# REQUIRED ACTION:
After finding the line that holds "yacht charter Andi Star relaxing" below, set down that line and the rest through the final one exactly, leaving the pictures out.

# GIVEN DATA:

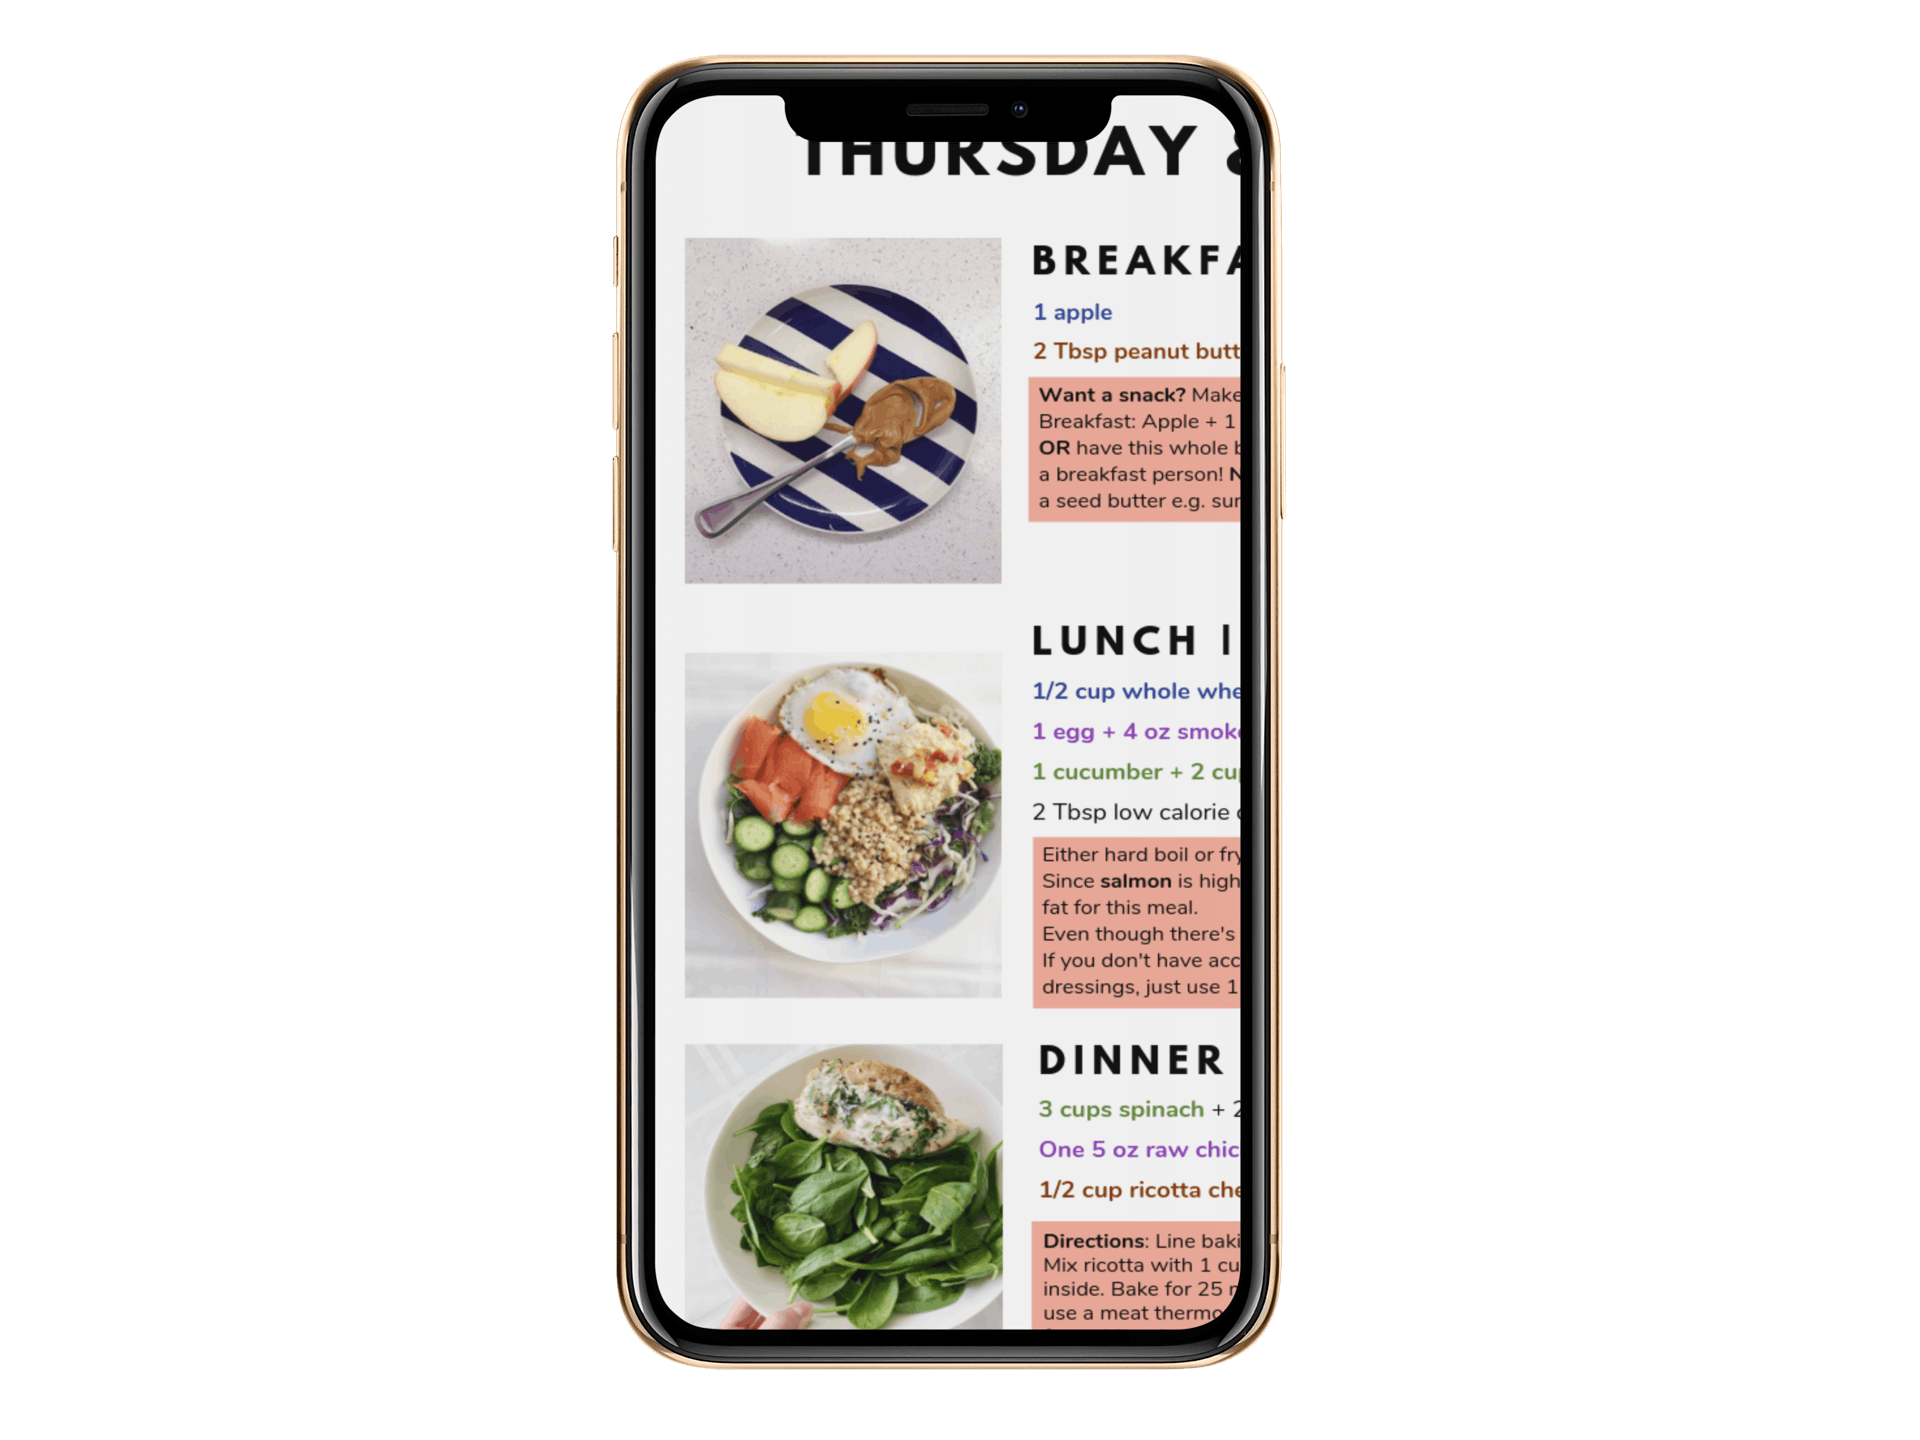 Healthy No Cook Meals For College Students
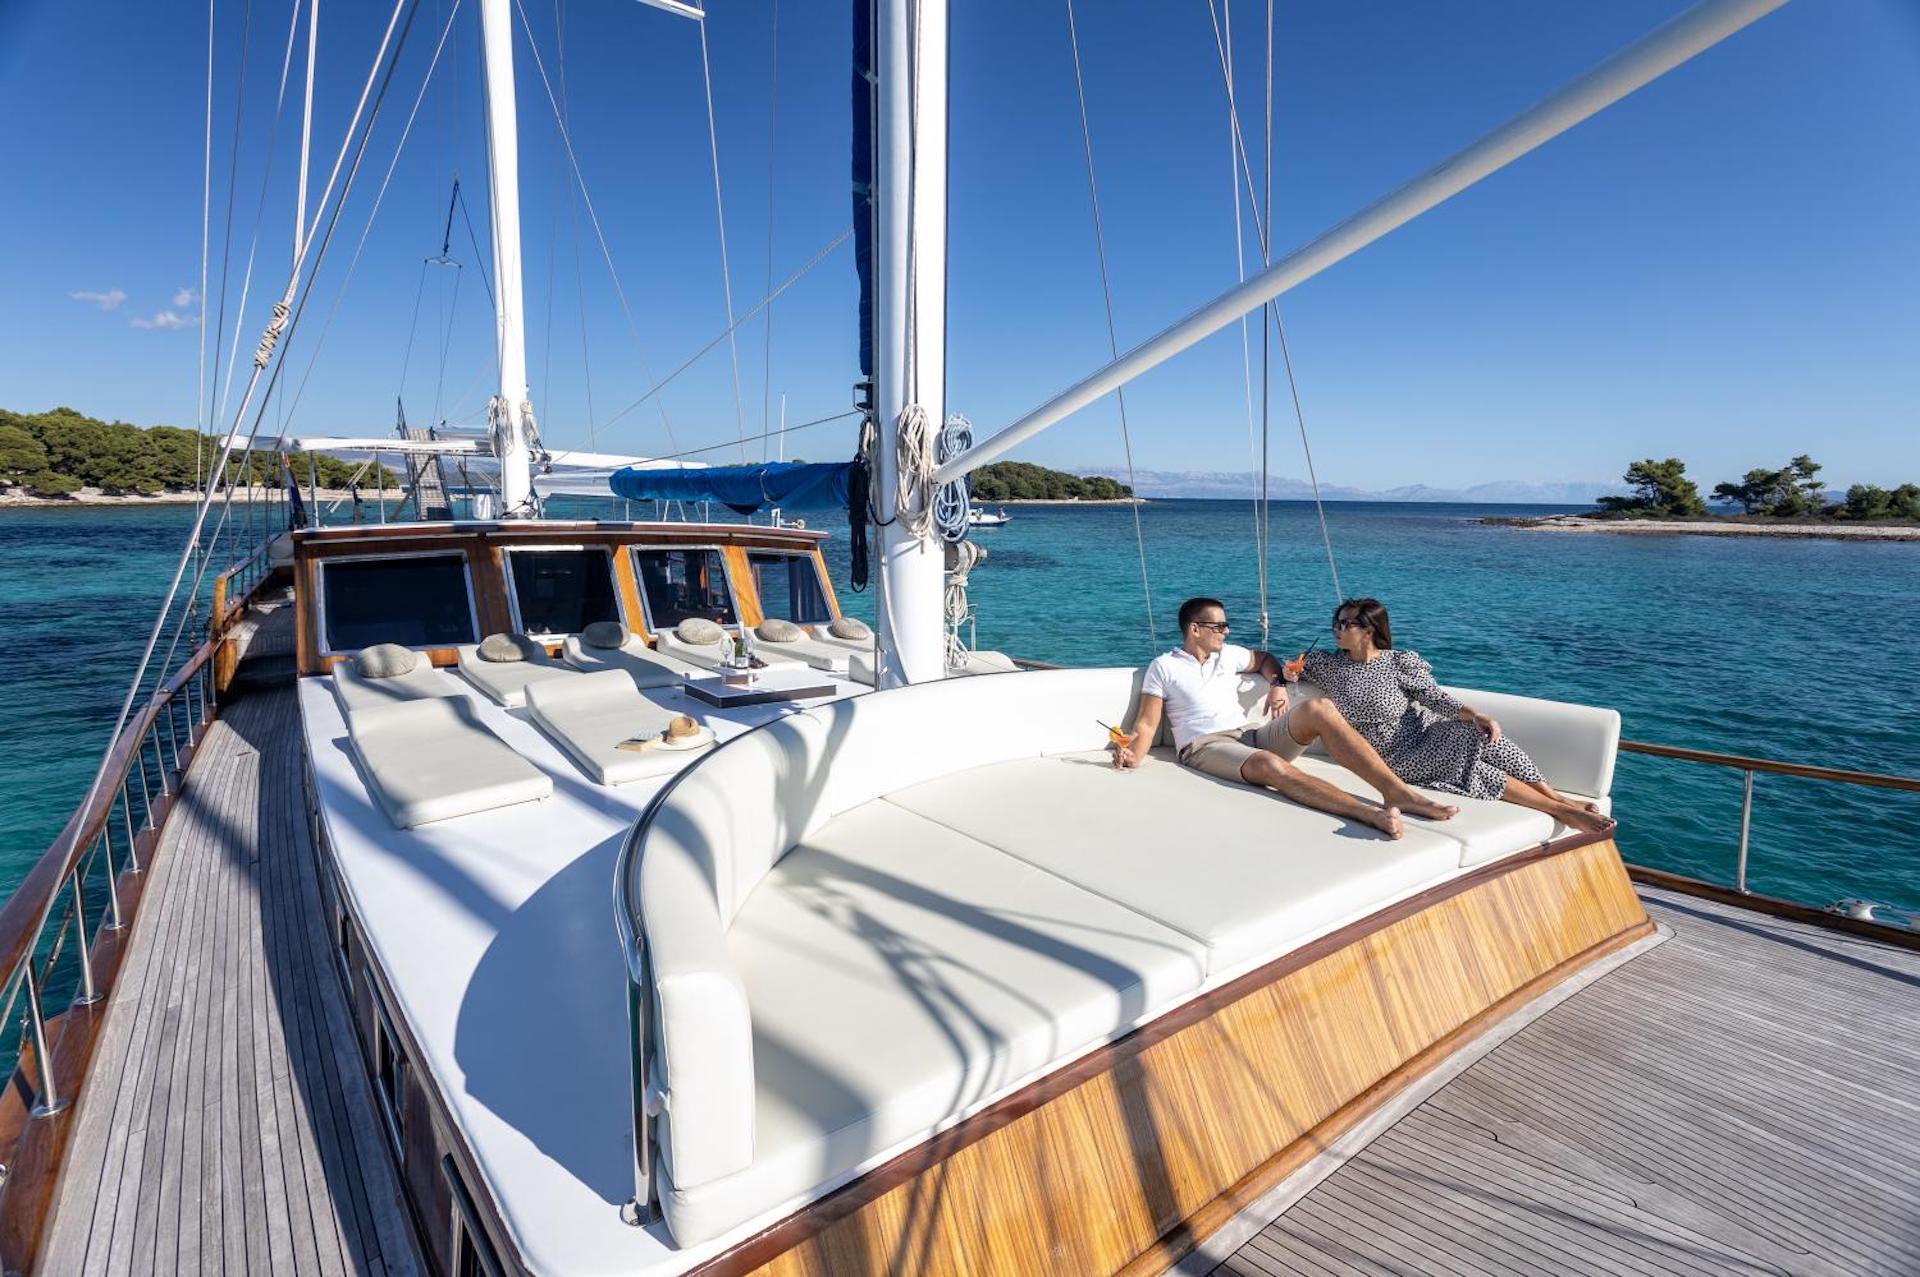 yacht charter Andi Star relaxing
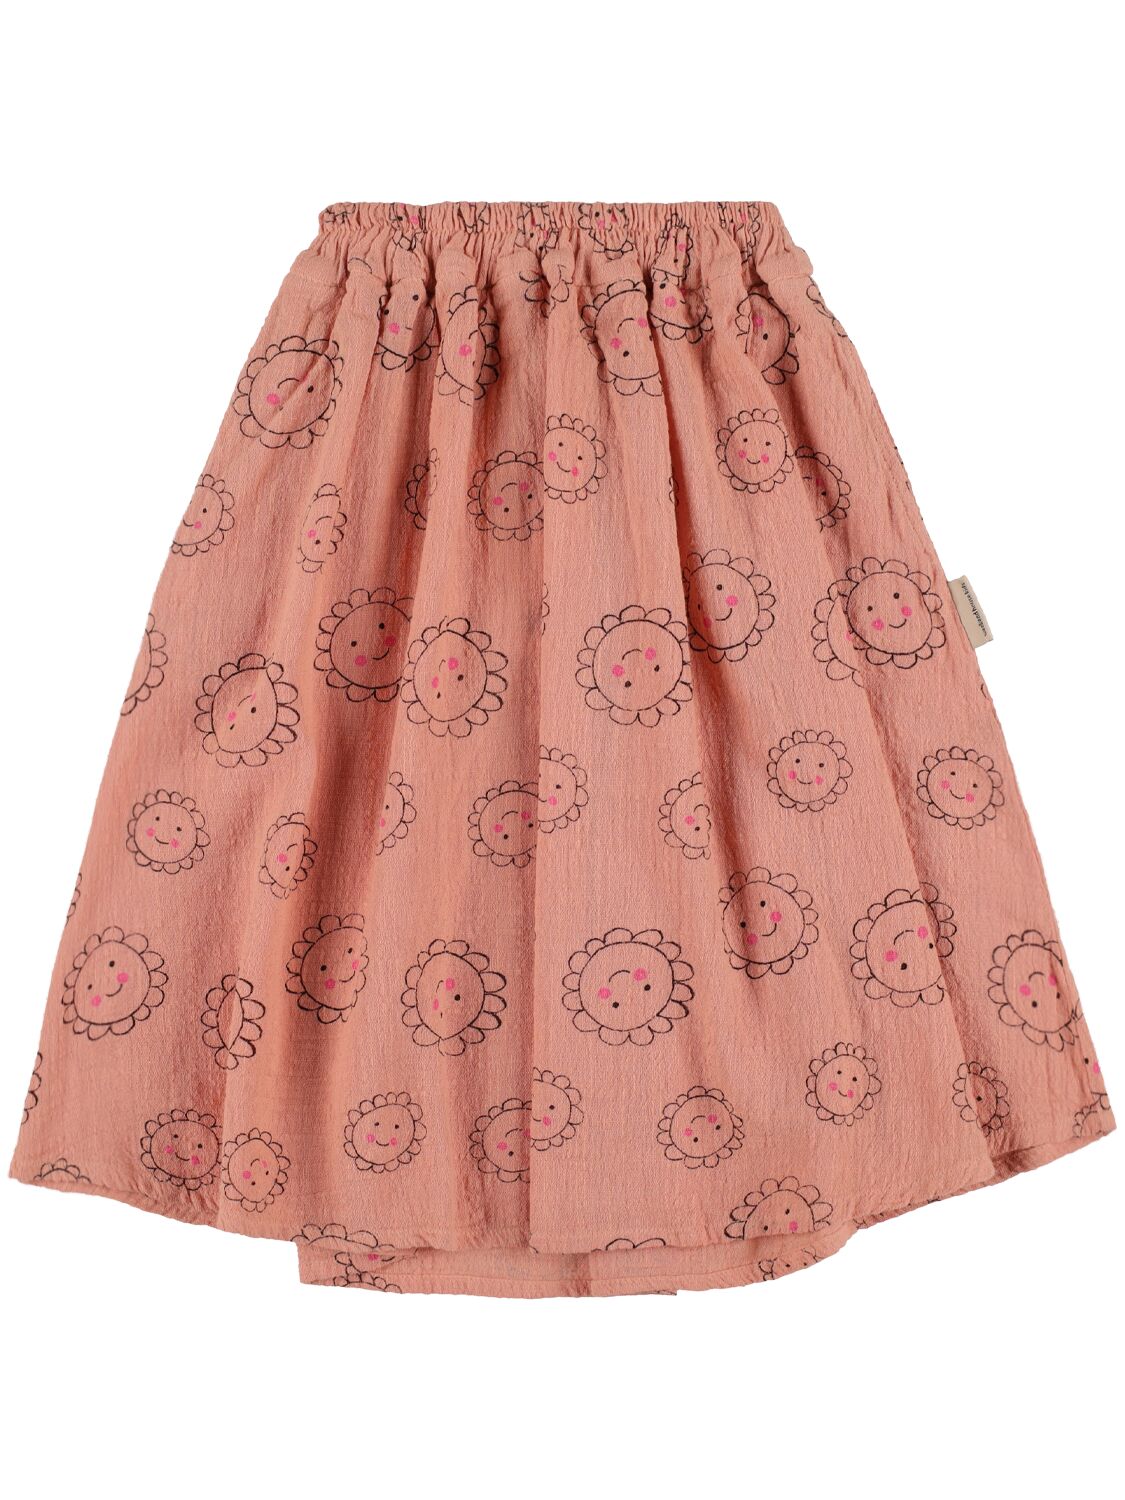 Image of Printed Cotton Blend Skirt

# ANSWER FOR THIS EXERCISE:
 yacht charter Andi Star relaxing
 Image of Printed Cotton Blend Skirt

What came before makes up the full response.